Tuesday, May 27, 2008

Researcher Says She Has Developed A Cancer-Fighting Tool

A researcher who has been experimenting with monoclonal antibodies as a tool for fighting cancer for almost two decades says she has developed a form of the cloned immune system component that could play a role in treating breast, ovarian and other forms of cancer.

Anne Kellogg, associate professor of pathology and laboratory medicine at East Carolina University's Brody School of Medicine, says a monoclonal antibody her team has developed, dubbed DS-6, has shown an ability to attach itself of cancer cells in the lab. This could pave the way for using DS-6 antibodies to deliver potent cancer-killing agents to the malignant cells.

Particular types of monoclonal antibodies can act with great specificity because they are all cloned from the same immune system cell. The antibodies work by attaching themselves to a specific antigen, a protein structure on the cell membrane.

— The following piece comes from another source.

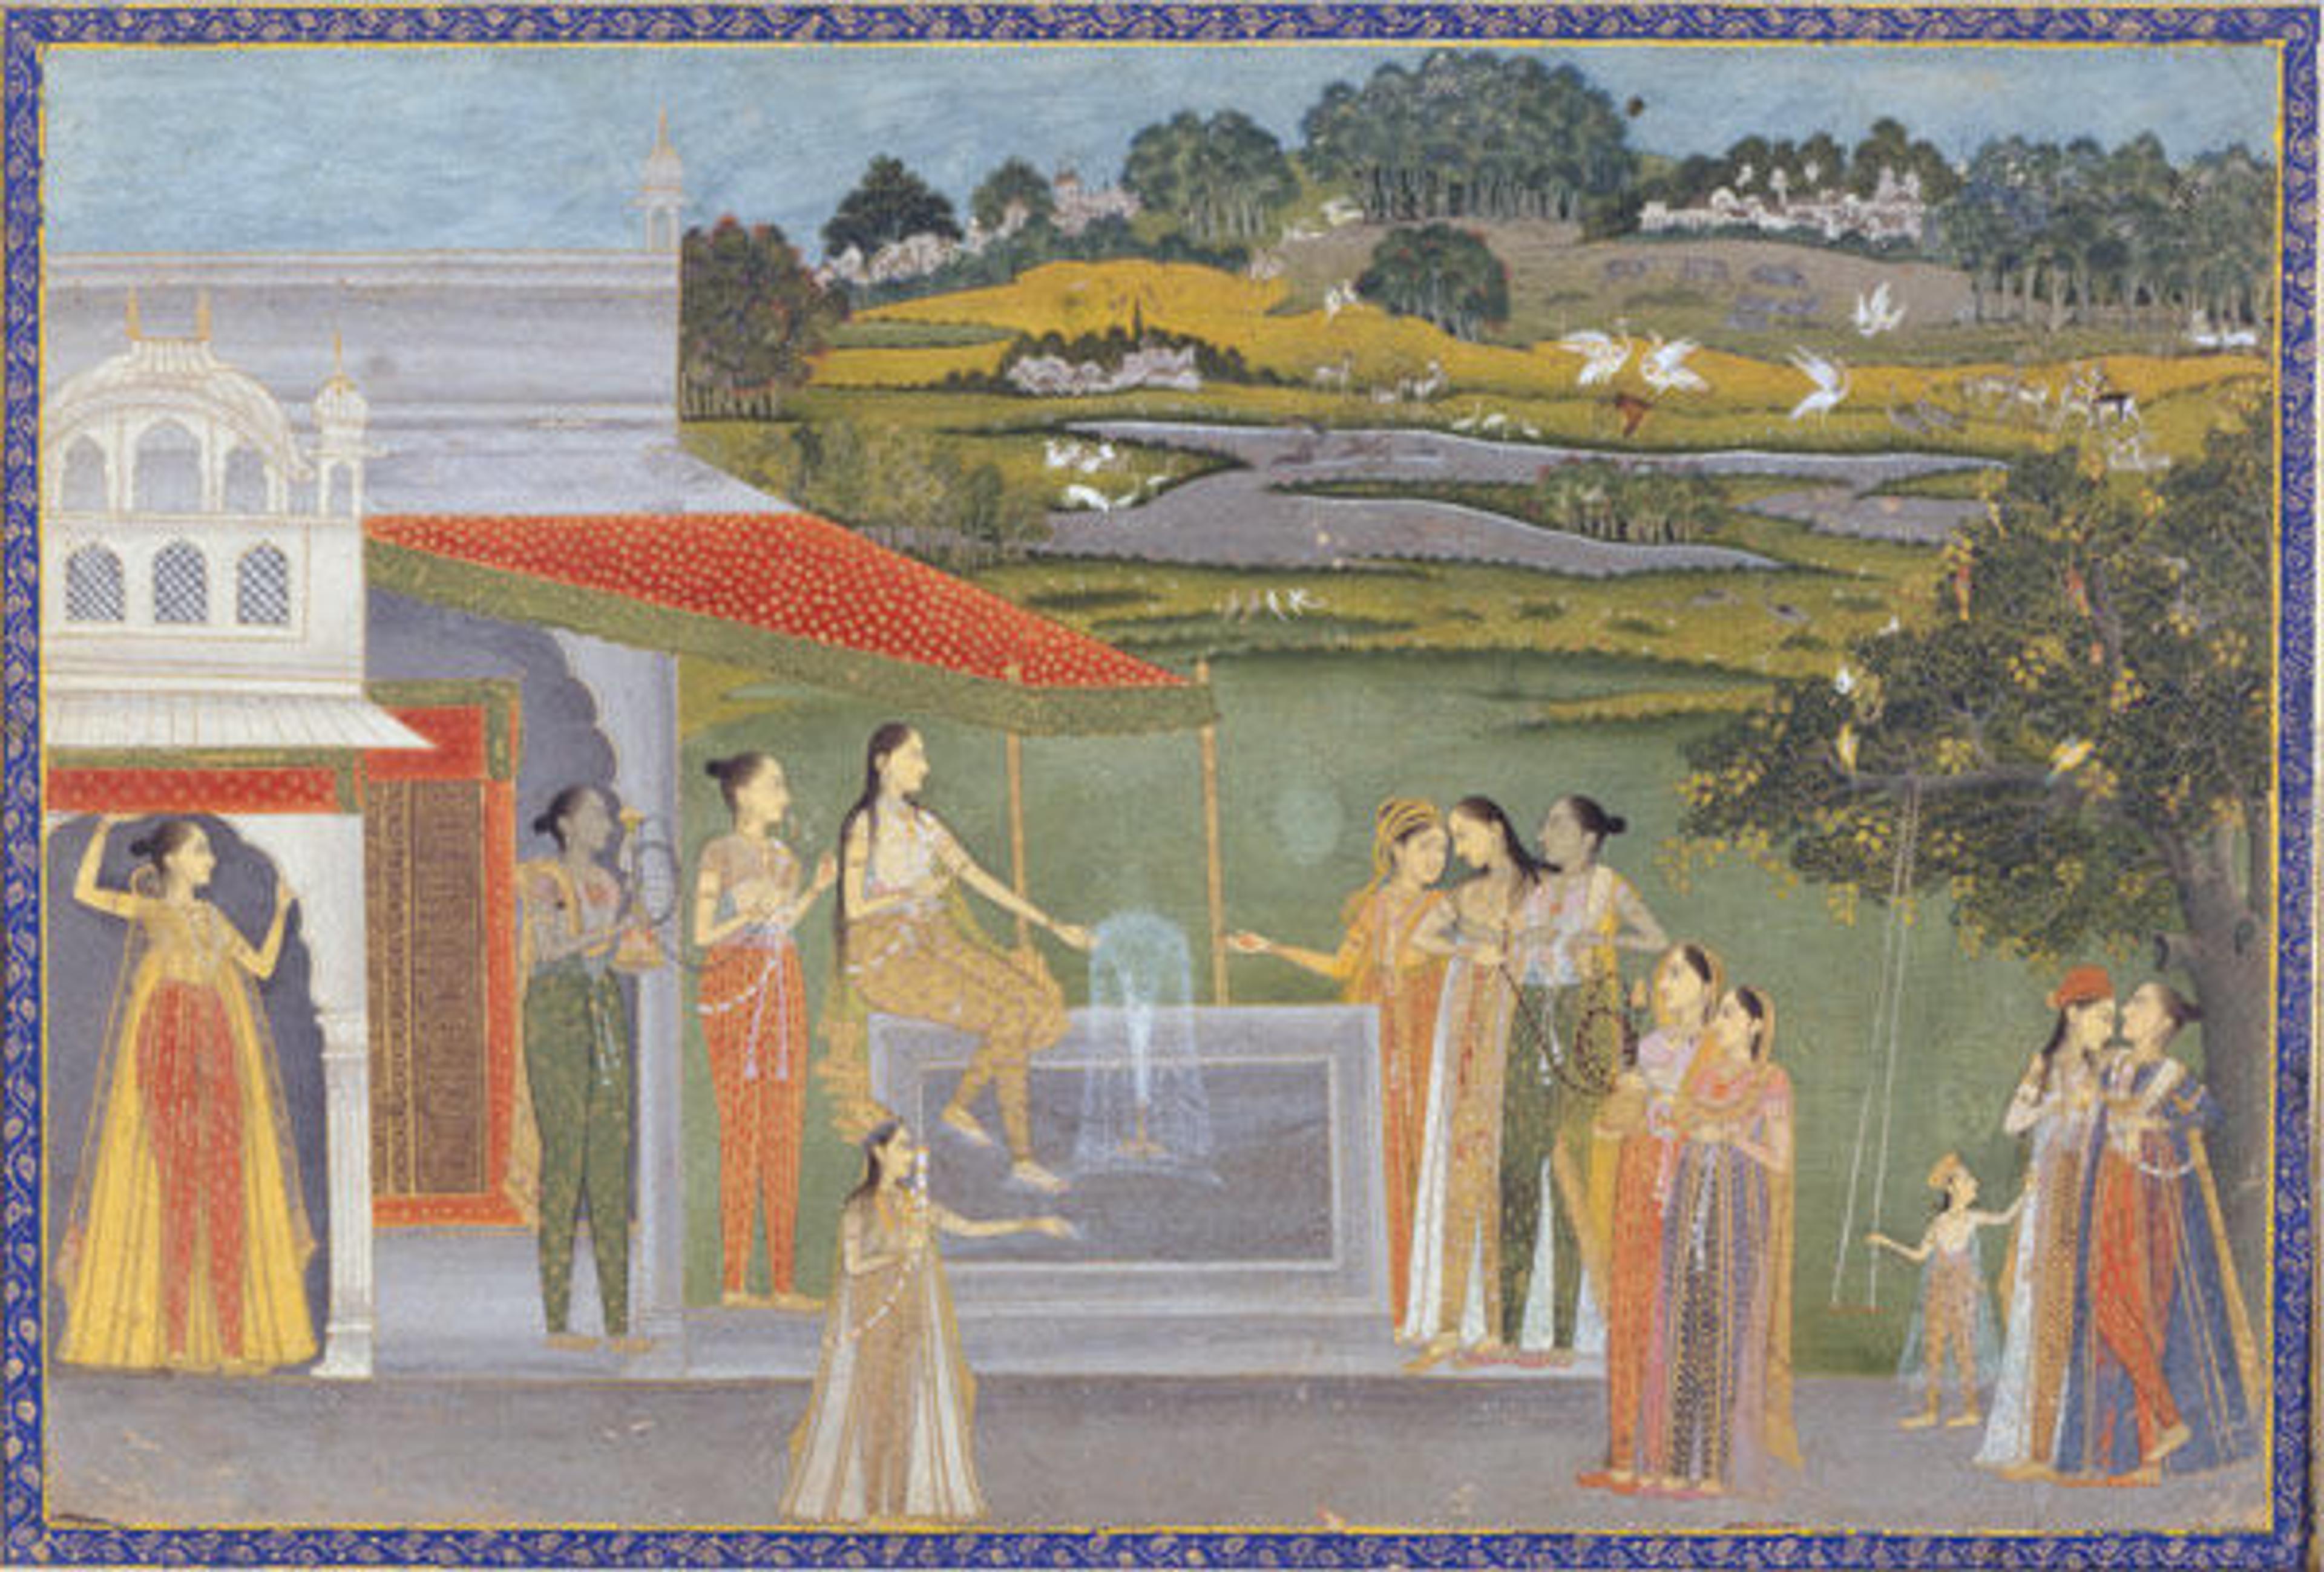 Princesses Gather at a Fountain, 1770. Farrukhabad, India. Islamic. Opaque watercolor and gold on paper; 9 x 13 5/8 in. (22.9 x 34.6 cm). The Metropolitan Museum of Art, New York, Cynthia Hazen Polsky and Leon B. Polsky Fund, 2001 (2001.421)

This anti-body-antigen interaction sets up disease pathogens for attack by other immune system cells.

The DS-6 antibody Kellogg has developed latches on to tumor cells and enables the whole compound - the antibody and the attached cell-killing agent - to enter the cancer cell. Once inside, the cell-killing agent becomes activated and kills the tumor cell as it divides.

"We can't give such a potent chemotherapy agent on its own because it would be too toxic, but if we can link it to an antibody, it goes inside the tumor cell and is released inside the tumor cell, which is really an amazing feat," Kellogg said.

Kellogg first began working with monoclonal antibodies in the early 1990s.

Kellogg is now working with two drug firms - ImmunoGen and sanofi-aventis - that have expertise in turning monoclonal antibodies into cancer therapies and taking them to clinical trials in humans. These clinical tests must show a proposed drug or other form of treatment are safe and effective before the U.S. Food and Drug Administration will authorize their use by doctors in treating patients.